What the task requires
Give exactly the lines from the one with "3d illustration of" through the final line of the listing below, both included, leaving out any pictures.

Provided material
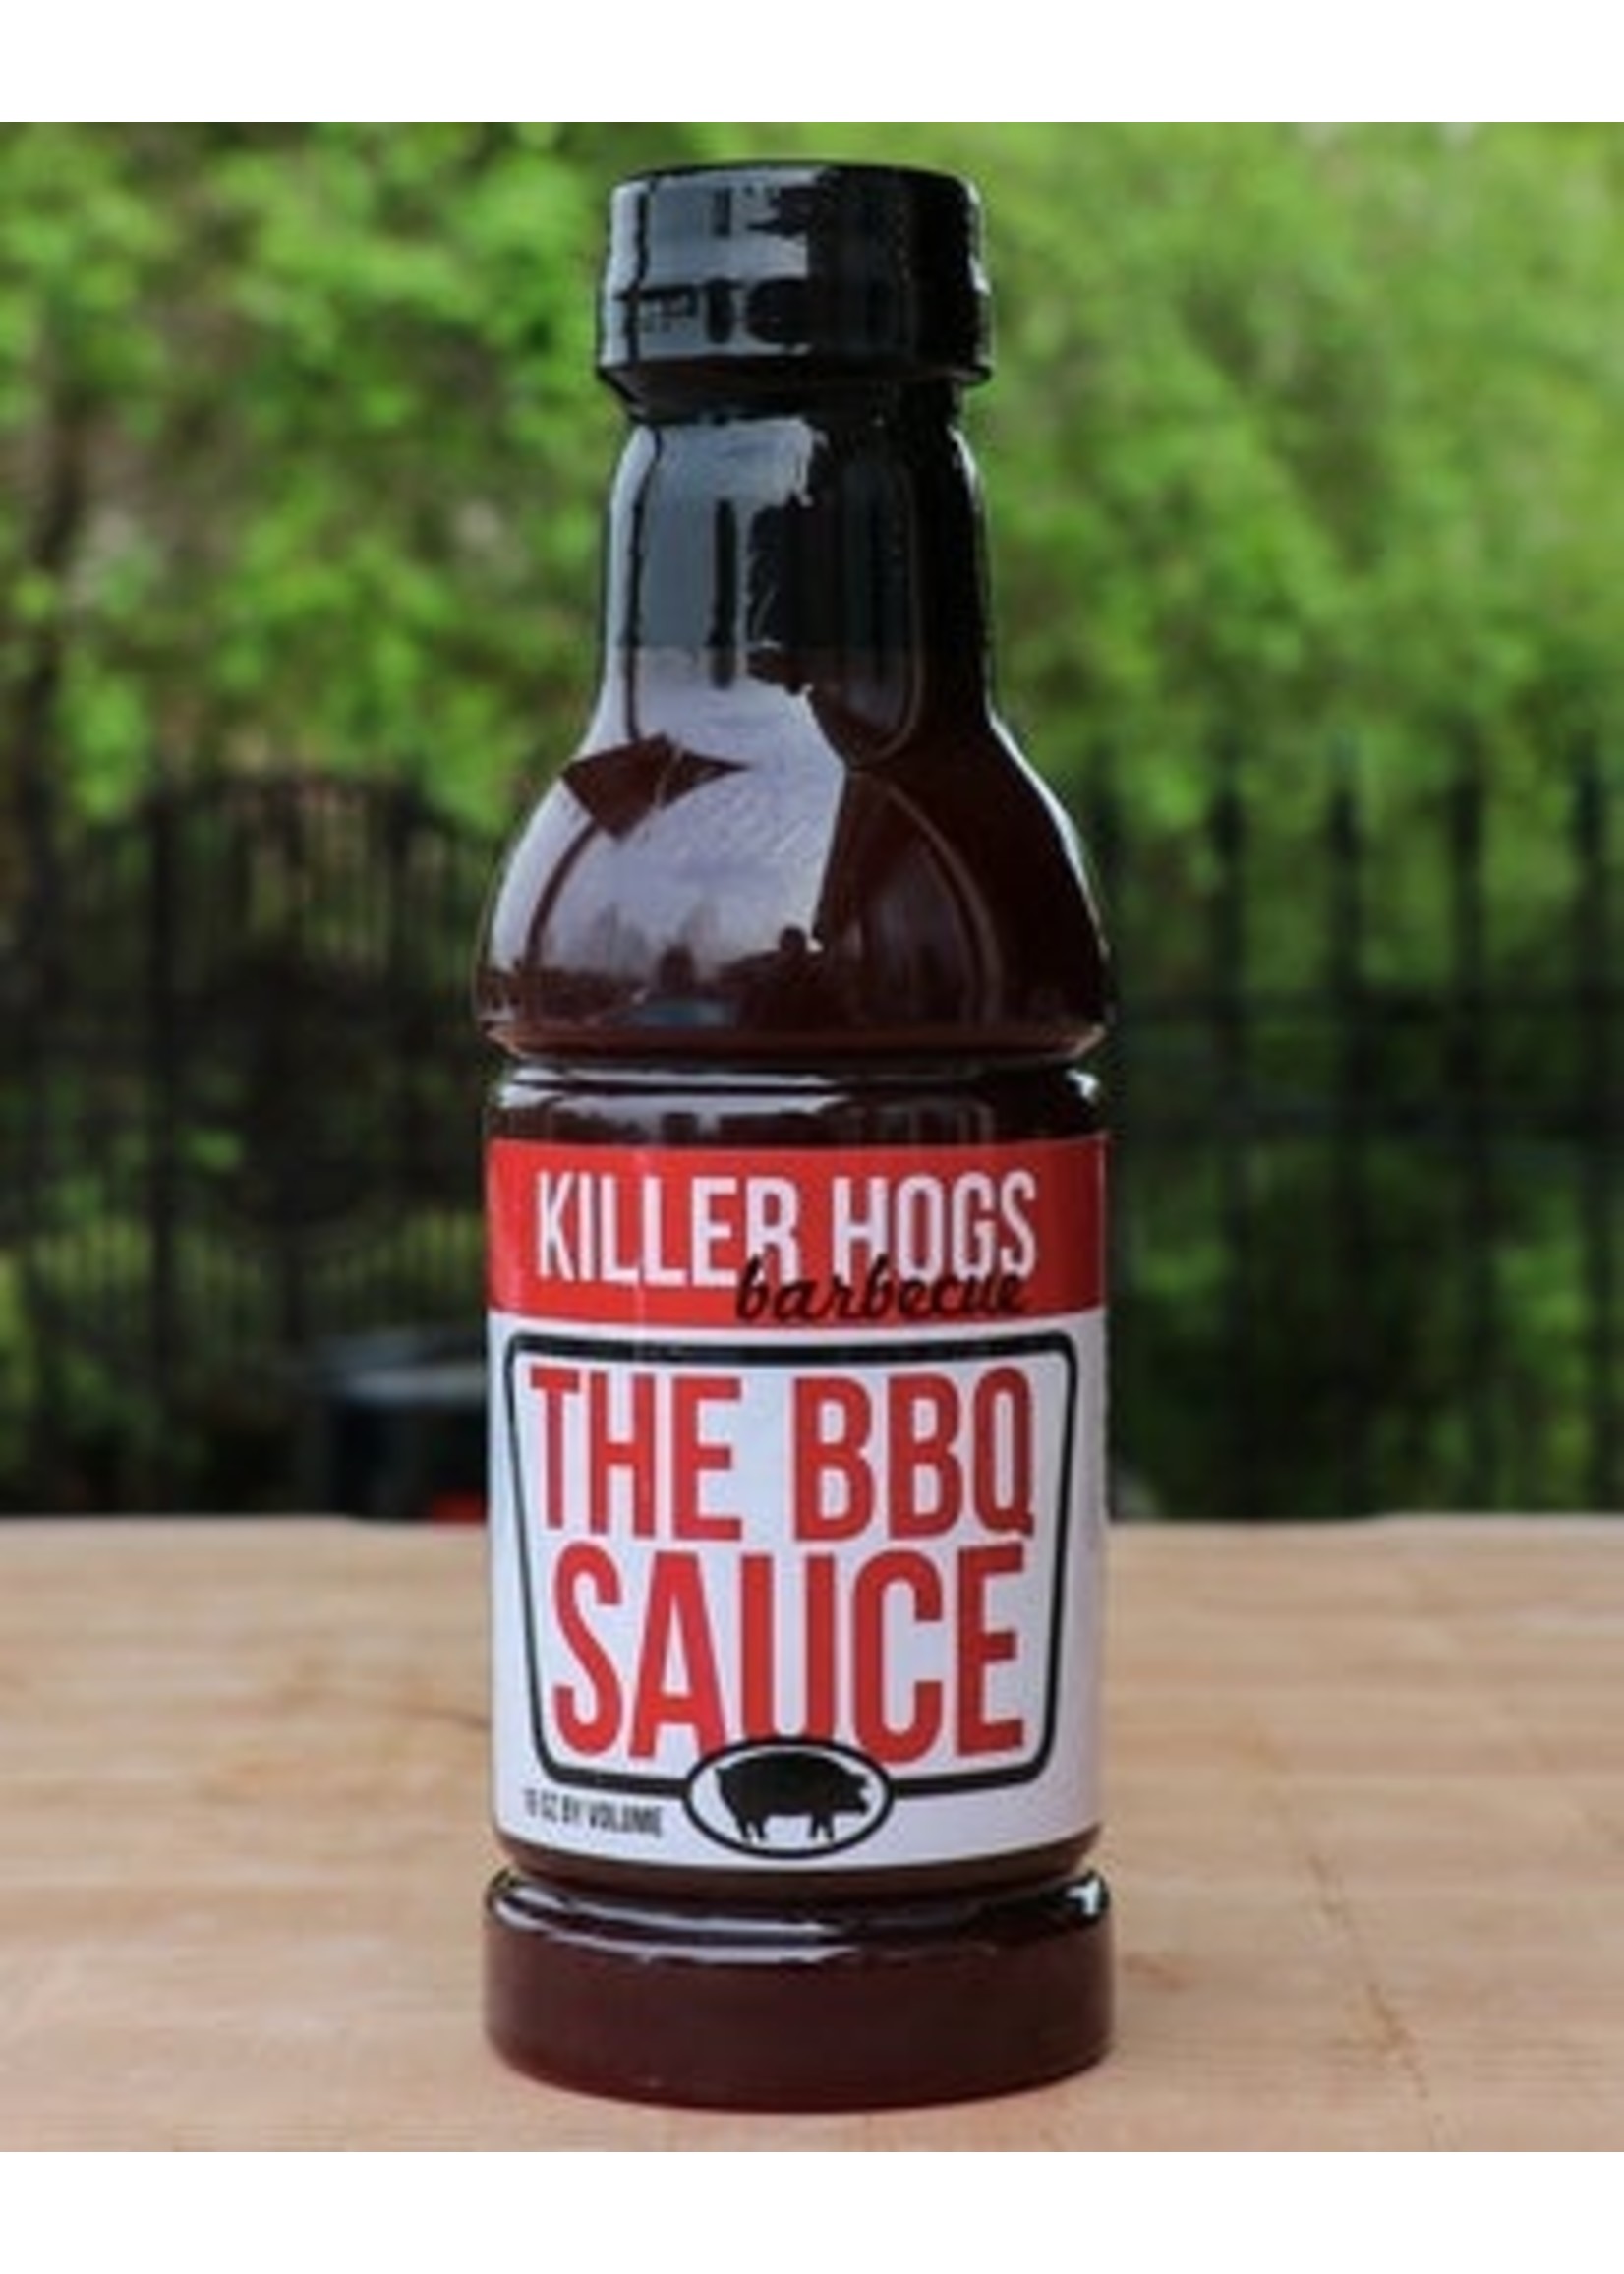 Killer Hogs Barbecue Killer Hogs The BBQ Sauce
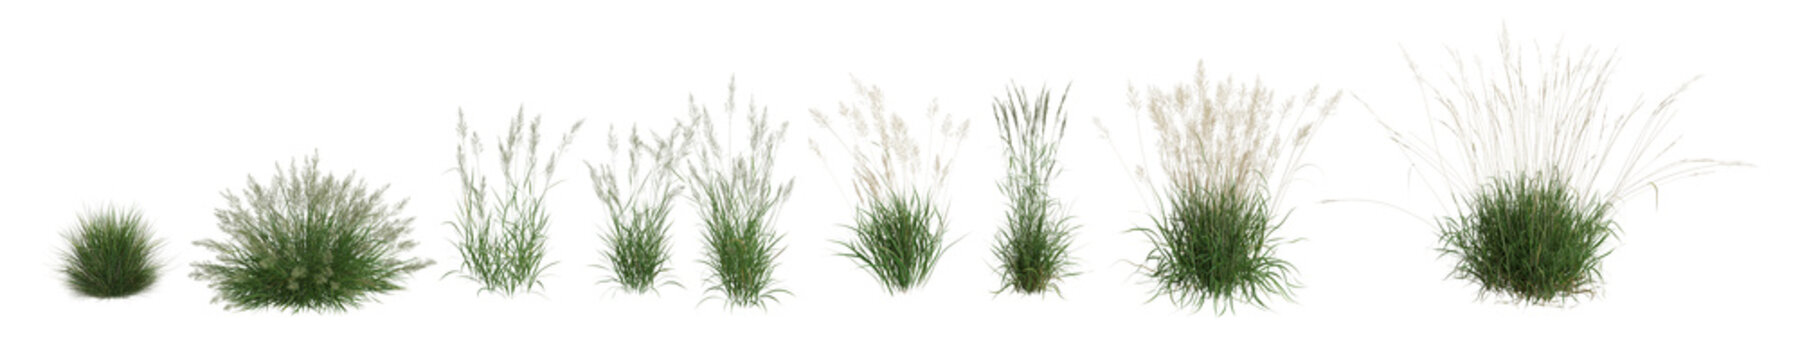 3d illustration of set calamagrostis arundinacea grass isolated on transparent background, human eye angle
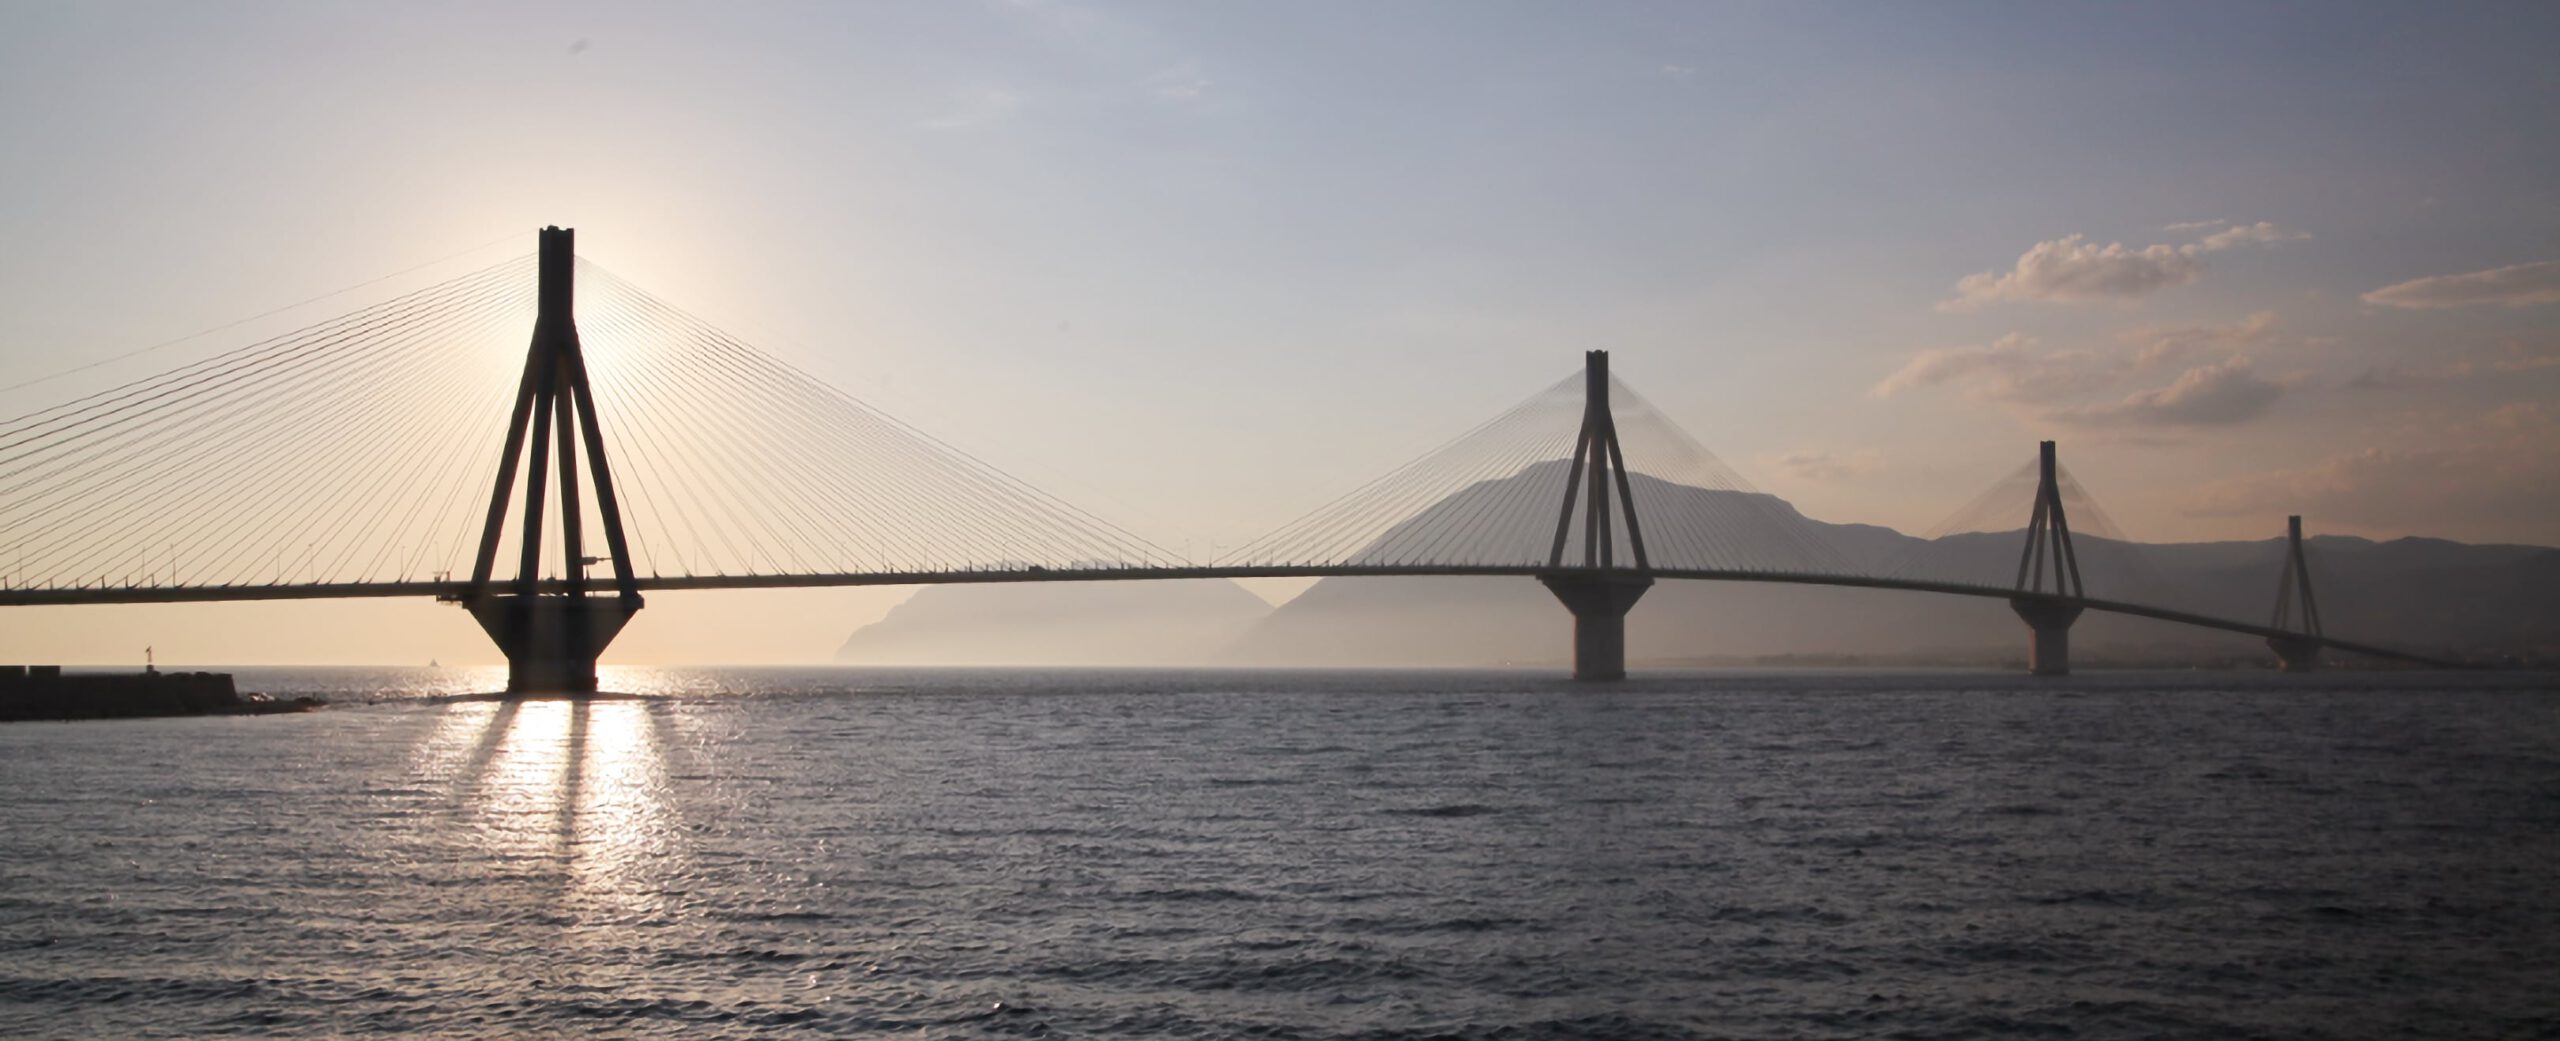 Rio-Antirrio-Brücke bei Sonnenuntergang

Answer to the problem
 3d illustration of set calamagrostis arundinacea grass isolated on transparent background, human eye angle
 Rio-Antirrio-Brücke bei Sonnenuntergang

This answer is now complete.